SCHRUMPFENDE RÄUME

Schrumpfende Räume als „Preis” – Hashomer Hatzair 

Nitzan Menagem (Hashomer Hatzair Deutschland, ELES-Stipendiatin Global Jewish Leadership Programme) 

Das sollten die „glory days“ der Jugendbewegung Hashomer Hatzair DE (HHD) werden. Jedes Jahr vergibt das Auswärtige Amt den Shimon-Peres-Preis an Innovationsprojekte zwischen Deutschland und Israel. Jetzt würdigt der Preis nicht nur die harte Arbeit der Dutzenden von Freiwilligen, Juden und Jüdinnen wie Nicht Juden und Jüdinnen, sondern macht zudem das Wirken einer vergessenen jüdischen Jugendbewegung sichtbar, deren Mitglieder in weiten Teilen in den späteren Staat Israel geflohen und ihr Leben in Deutschland, ihre Familien und schließlich alle Spuren ihrer Zeit hier zurückgelassen hatten. 

Was wir statt der „glory days“ bekamen, waren Räume, die zunehmend 

verschwinden: Der alt-neue Jugendverband, der 2022 als erster und einziger jüdischer Jugendverband dem Berliner Landesjugendring beigetreten ist, kann sich seit dem 7. Oktober nicht mehr ohne Sicherheitsdienst treffen. Dies bindet große Ressourcen der Organisation und stellt eine große Herausforderung dar. Kein anderer Jugendverband steht vor einer solchen Herausforderung. Für die Existenz und das Wachstum dieser wiedergegründeten Community ist dies ein schwer überwindbares Hindernis. Das ist Berlin 2024. 

In den 1930er-Jahren hatten die Mitglieder von Hashomer Hatzair keine andere Wahl, als sich am Widerstand gegen den Nationalsozialismus zu beteiligen. Die kritische Auseinandersetzung mit der Realität, in der sie aufgewachsen waren, und die Zugehörigkeit zu einer Gruppe, die es ihnen ermöglichte, das Erlebte zu reflektieren und zu analysieren, machten diesen Widerstand unumgänglich.

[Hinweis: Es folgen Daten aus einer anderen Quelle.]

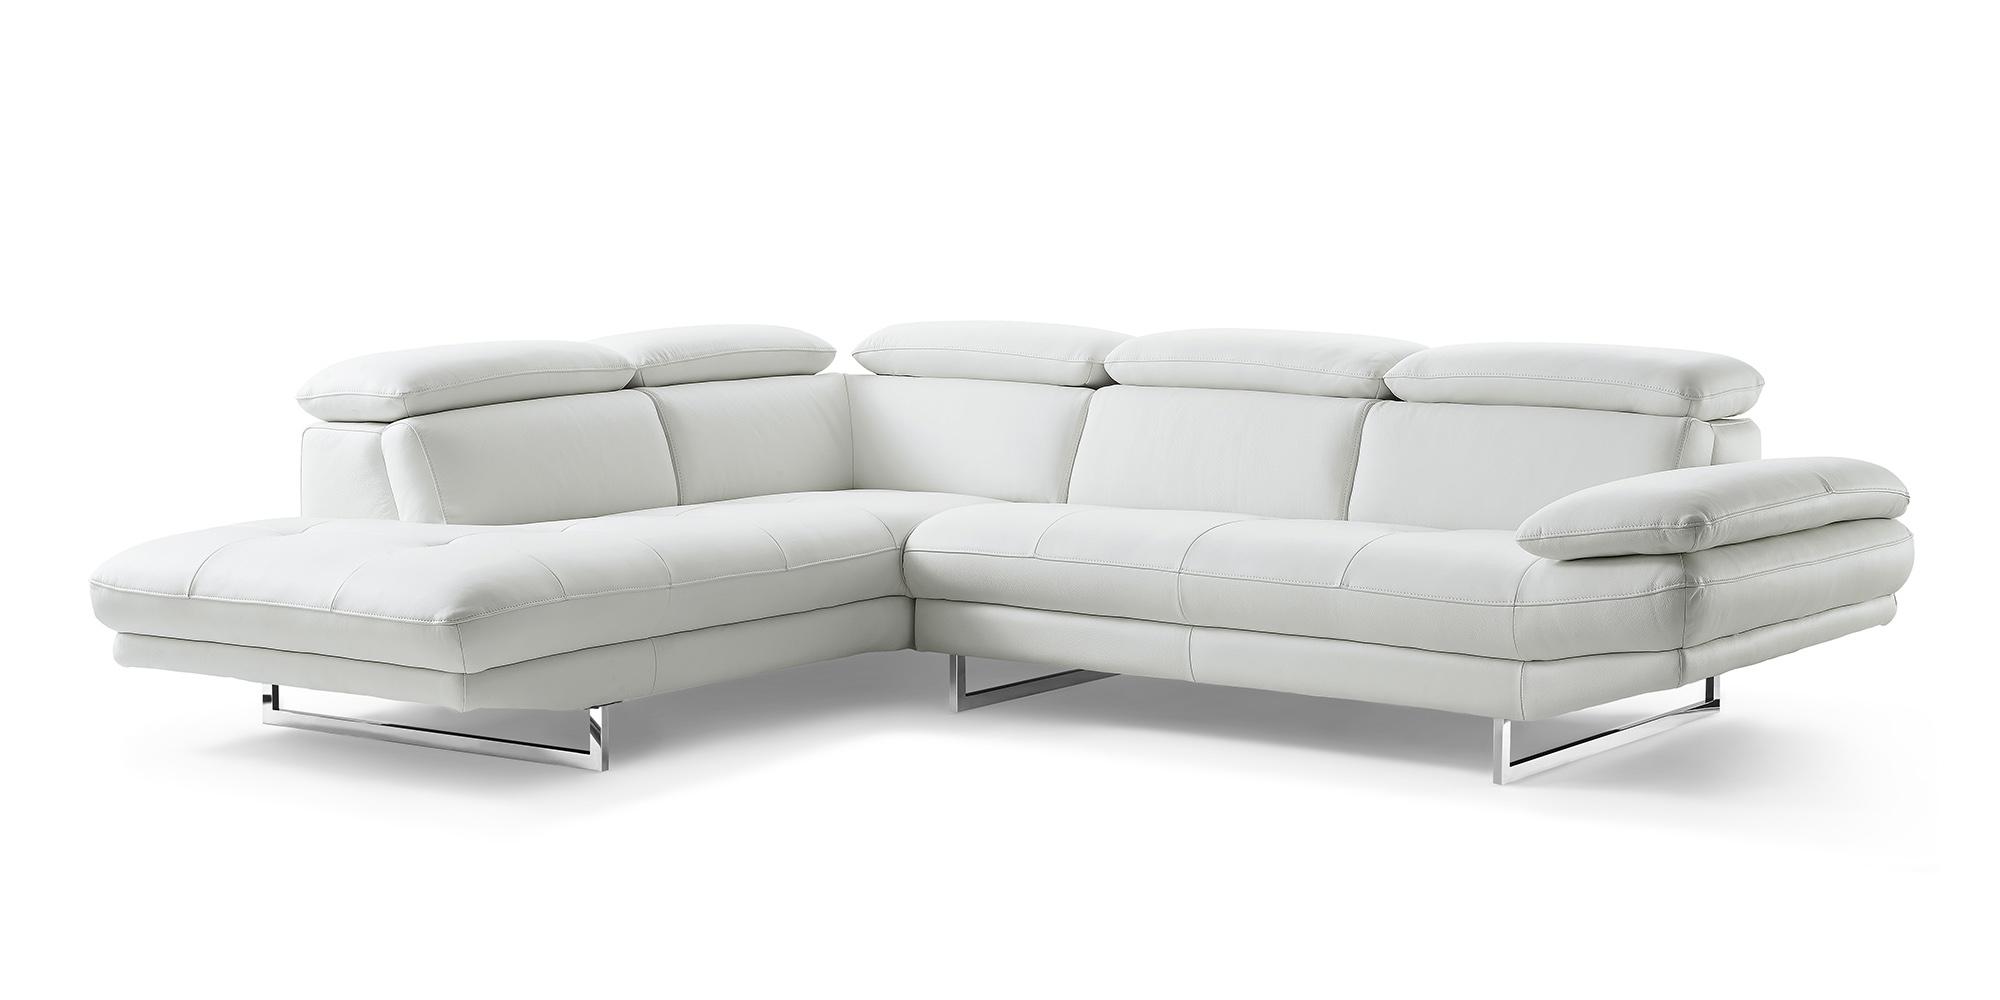 Adjustable Advanced Tufted Corner Sectional L-shape Sofa ...

Sie schlossen sich dabei linken Widerstandskoalitionen an. 

Nach dem Holocaust und der Staatsgründung Israels entschied der Verband, die „Kenim“, die Ortsgruppen in anderen Ländern wieder aufzubauen – nicht aber im Land der Täter. Diese Entscheidung hatte zwangsläufig Auswirkungen darauf, wie in Deutschland des Widerstands (nicht) gedacht wird und wie die jüdische Gemeinschaft seit der Nachkriegszeit bis heute agiert. 

Nun wurden wir als neue Generation des HHD mit einer Auszeichnung geehrt. Wir sollten sie im Oktober 2023 in einer feierlichen Zeremonie im Roten Rathaus in Berlin erhalten. So sehr wir uns über diese Auszeichnung freuen, sind wir durch das Trauma und die Folgen des 7. Oktober sowie durch den gegenwärtigen Krieg belastet. 

Angesichts unserer verschwindenden Räume erleben wir dieses unbegreifliche Ereignis nicht nur als Trauma der schmerzlichen Anteilnahme mit den Opfern des 7. Oktober, ihren Angehörigen und der jüdischen Community in Israel, sondern als unsere Realität als Jugendbewegung in Deutschland, die in ihrer Sicherheit und Existenz gefährdet ist. Auch der Staat Israel als ideeller Zufluchtsort fühlt sich jetzt noch weiter weg und unsicher an. In gewisser Weise fühlt sich kein Ort mehr sicher an, außer wenn wir zusammen sind und zusammenhalten. 

Es ist daher an der Zeit, dass sich Juden und Jüdinnen in Deutschland in der neuen Realität seit dem 7. Oktober besser organisieren. Die Antwort ist nicht, sich zu passivieren oder gar Schulter an Schulter mit den Rechten zu stehen, sondern eine neue Art des Zusammenhalts und eine neue Art der Solidarität mit den trauernden und verlassenen Menschen in Israel – und Palästina – anzubieten. Wir müssen uns als junge Juden und Jüdinnen in der deutschen Gesellschaft in dieser schmerzhaften Auseinandersetzung gegenseitig unterstützen und zusammenschließen. Dabei müssen wir gemeinsam dem Antisemitismus als altem Übel entgegentreten, aber auch dem gefährlichen System der Spaltung, der Ausbeutung und der 

Machtkonzentration, das uns in unserer Freiheit, in unserem Frieden und in unserem Leben begrenzt. Wir können uns die Umstände nicht aussuchen, aber wir müssen beginnen, ihnen entgegenzutreten.